Like many influential commentators, Ren blames Republican pressure on President Biden to look tough on China for the seriousness of the diplomatic fallout.
Even if it was a reconnaissance balloon, the commonplace nature of spying should have meant it didn’t become a crisis, but the White House had to act tough on China and cancel the trip to show resolve, Ren said, adding that “attitudes toward the balloon are largely political.”
But China’s initially uncertain response also allowed the incident to escalate.
“It appears that the significance of the incident took the Chinese authorities by surprise,” said Etienne Soula, a research analyst at the Alliance for Securing Democracy, part of the German Marshall Fund. “As late as Friday, when foreign media questions made it apparent that the story was blowing up, the Ministry of Foreign Affairs was giving curt and dismissive answers instead of trying to get ahead of the story.”
The response may have been complicated by an ongoing reshuffle of top officials. Qin Gang, who recently vacated the ambassadorship in Washington to become foreign minister, has not publicly commented on the incident. Wang Yi, head of the Chinese Communist Party’s foreign affairs apparatus, has also not commented despite a phone call with Blinken on Friday.
Instead, a show of resolve was left to Qin’s deputy, Xie Feng, a contender to replace Qin as China’s next top diplomat in the United States, who delivered “stern representations” to the U.S. Embassy in Beijing on Monday.
Chinese public messaging over the saga is a test of Xi’s apparent move toward easing diplomatic tensions with Western democracies.
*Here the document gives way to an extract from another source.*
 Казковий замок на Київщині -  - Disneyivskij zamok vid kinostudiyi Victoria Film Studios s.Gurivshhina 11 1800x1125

Spurred by a coronavirus crisis and economic pressure at home, he reemerged on the world stage in November with a message of unsentimental cooperation.
Although some analysts argue that the shift is primarily tactical, others see a sincere effort to tamp down tensions, citing as evidence the decision to appoint the relatively restrained Qin as foreign minister and replace Zhao Lijian, a leading “wolf warrior” diplomat, as ministry spokesperson.
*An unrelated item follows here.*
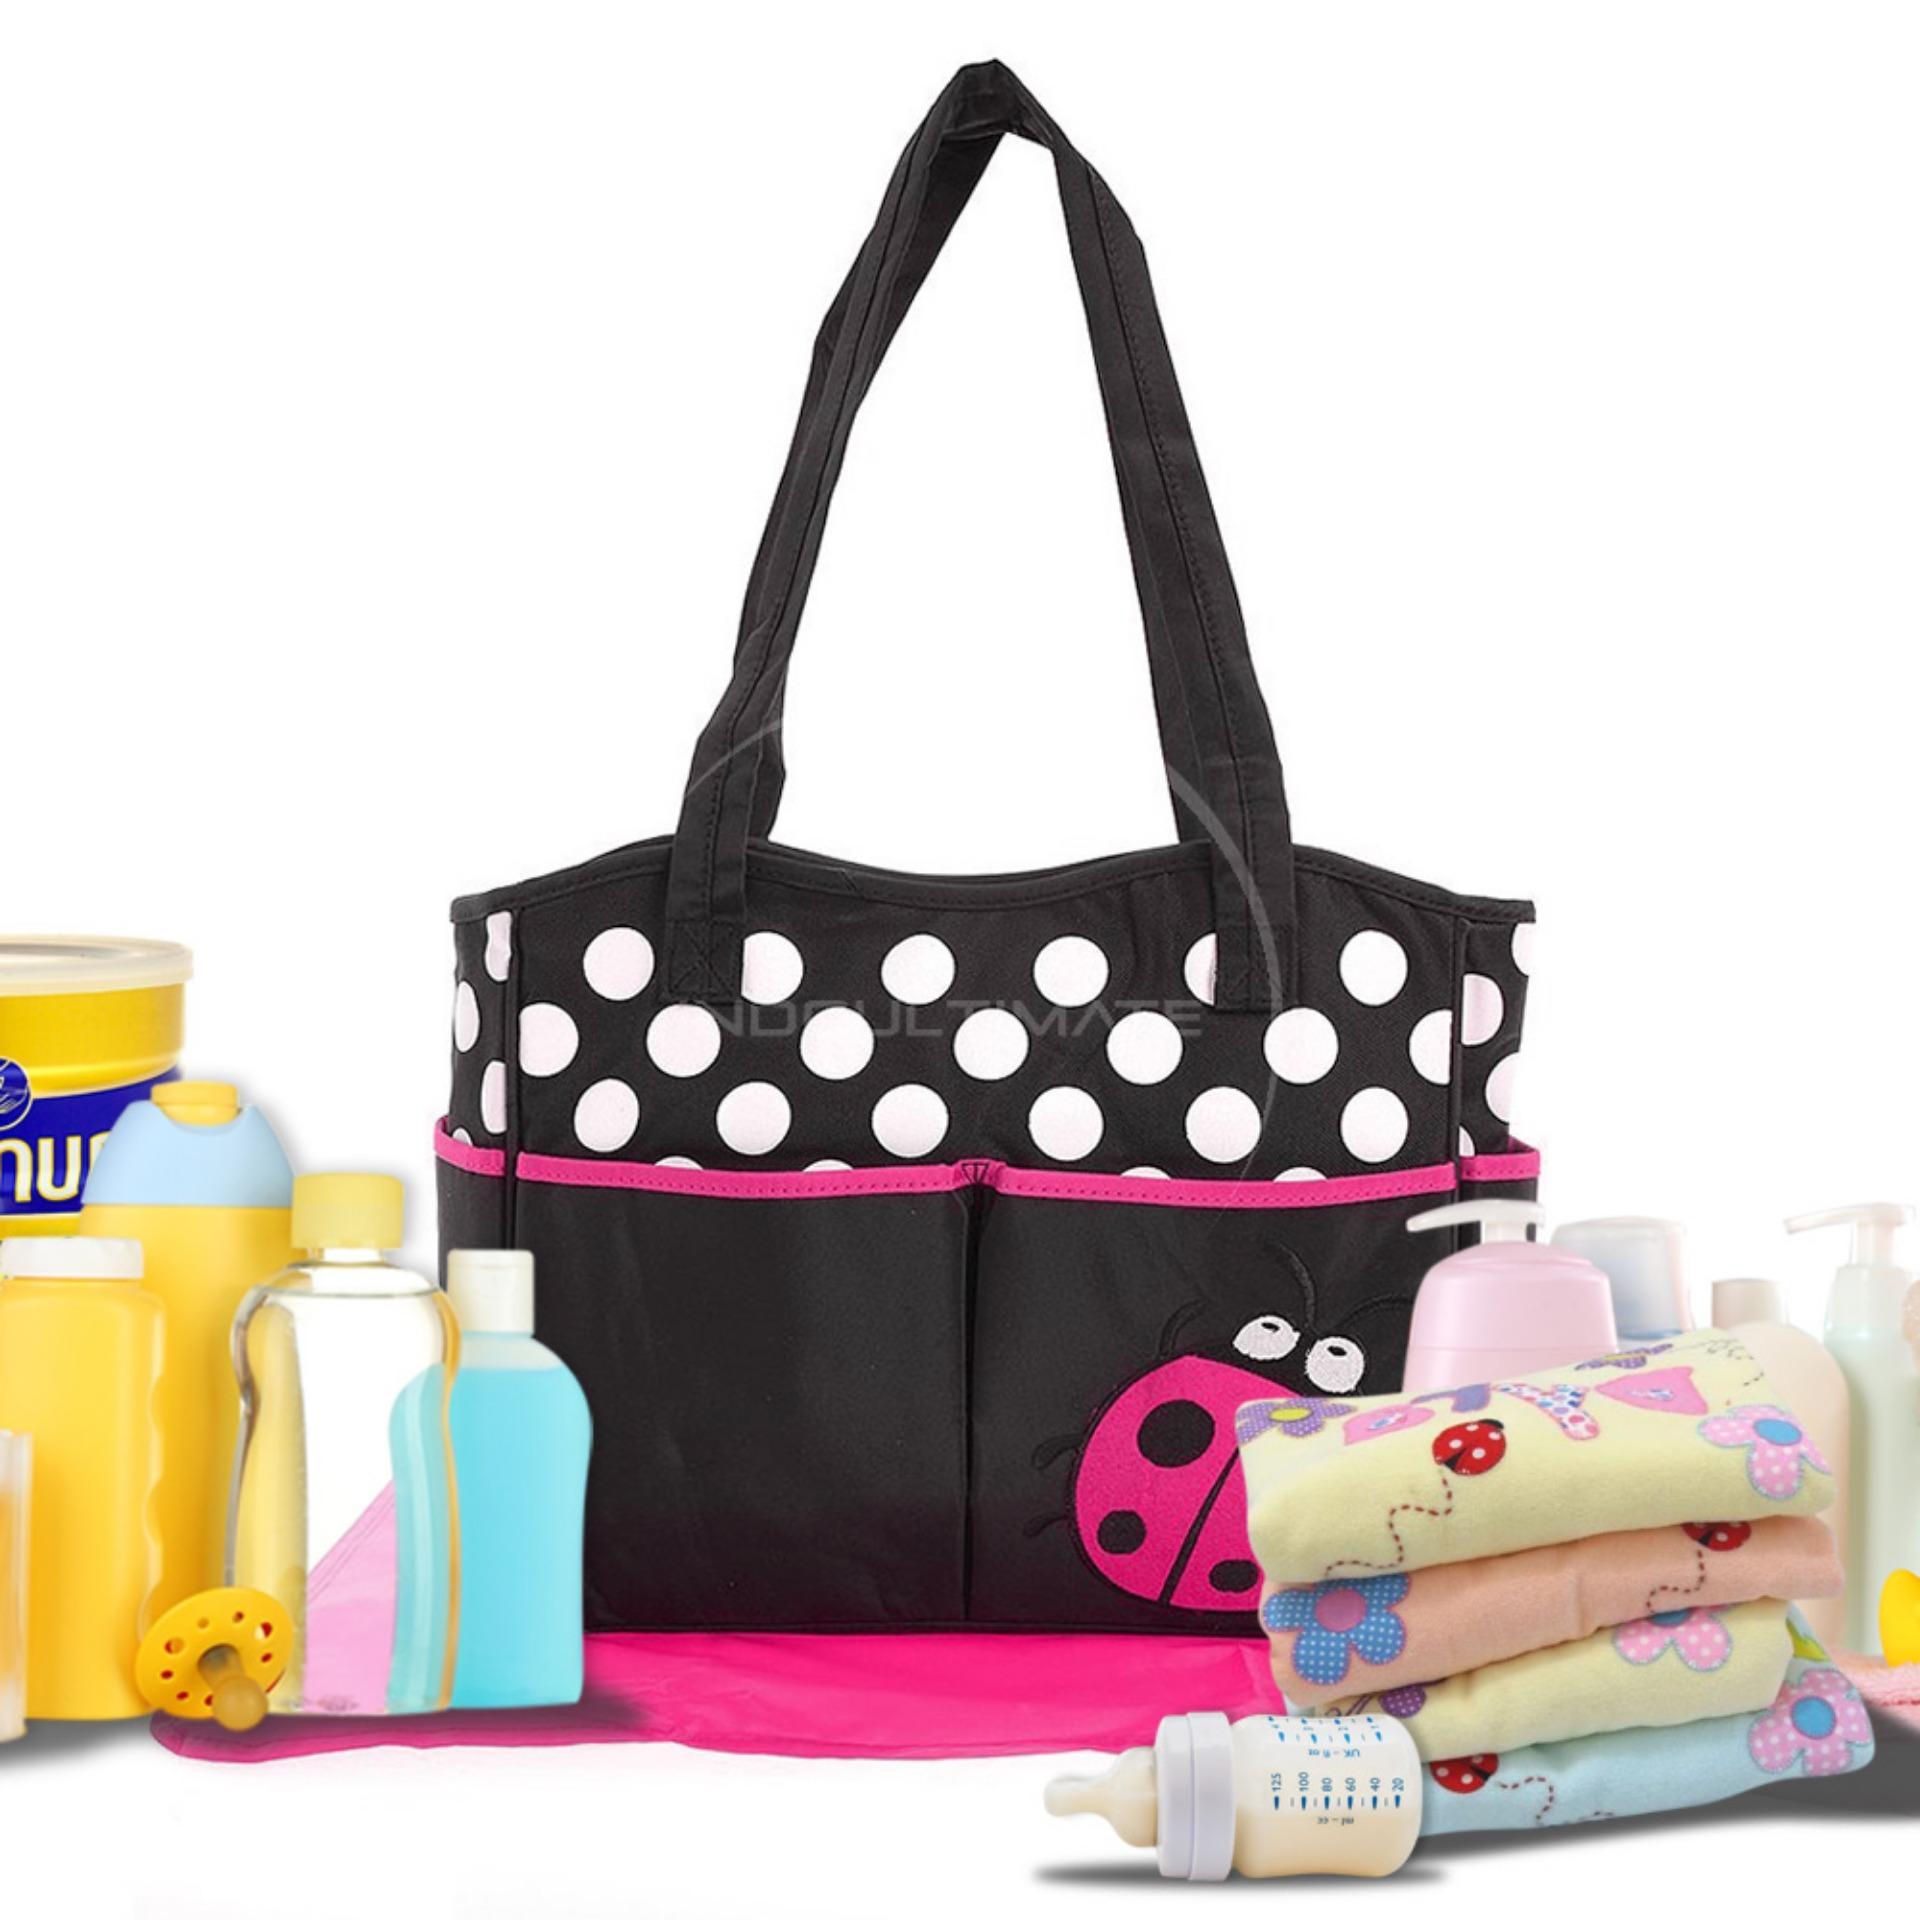 Harga Premium Waterproof Tas Bayi Besar 4 Saku Extra Free Alas Tas Baby Tas Diapers Susu Perlengkapan Bayi Baby Diaper Bag By 02 Lady Bug Pink Ultimate Original

But that softer approach has been under pressure in recent days as China’s stance hardened.
After Blinken halted his planned trip to Beijing over “a clear violation of U.S. sovereignty and international law,” China fired back that it was the United States that had broken with international practice by “using force” to resolve the issue.
Ministry spokesperson Mao Ning, asked at a regular briefing on Tuesday whether China would ask for balloon fragments back, said that “the airship is not the United States’ — it is China’s.”
China’s state media has been careful to call Blinken’s decision a “delay” and has stressed that neither side had announced details of the visit. But in reality, the trip was effectively canceled, said Shi Yinhong, professor of international relations at Renmin University of China.
Overall, the incident demonstrates that the China-U.S. relationship cannot be improved by “dialogue alone” and needs renewed “guiding principles” for any improvement to be possible, said Shi, echoing a common refrain from Chinese officials who blame the hard-line shift in U.S. policy toward China for hostilities.
“The balloon incident shows clearly that China-U.S. relations have sunk to an all-time low,” he said. “With a loss of mutual trust and effective communication, ordinary situations evolve into diplomatic standoffs. The strategic judgments both sides should try to avoid will most likely become commonplace.”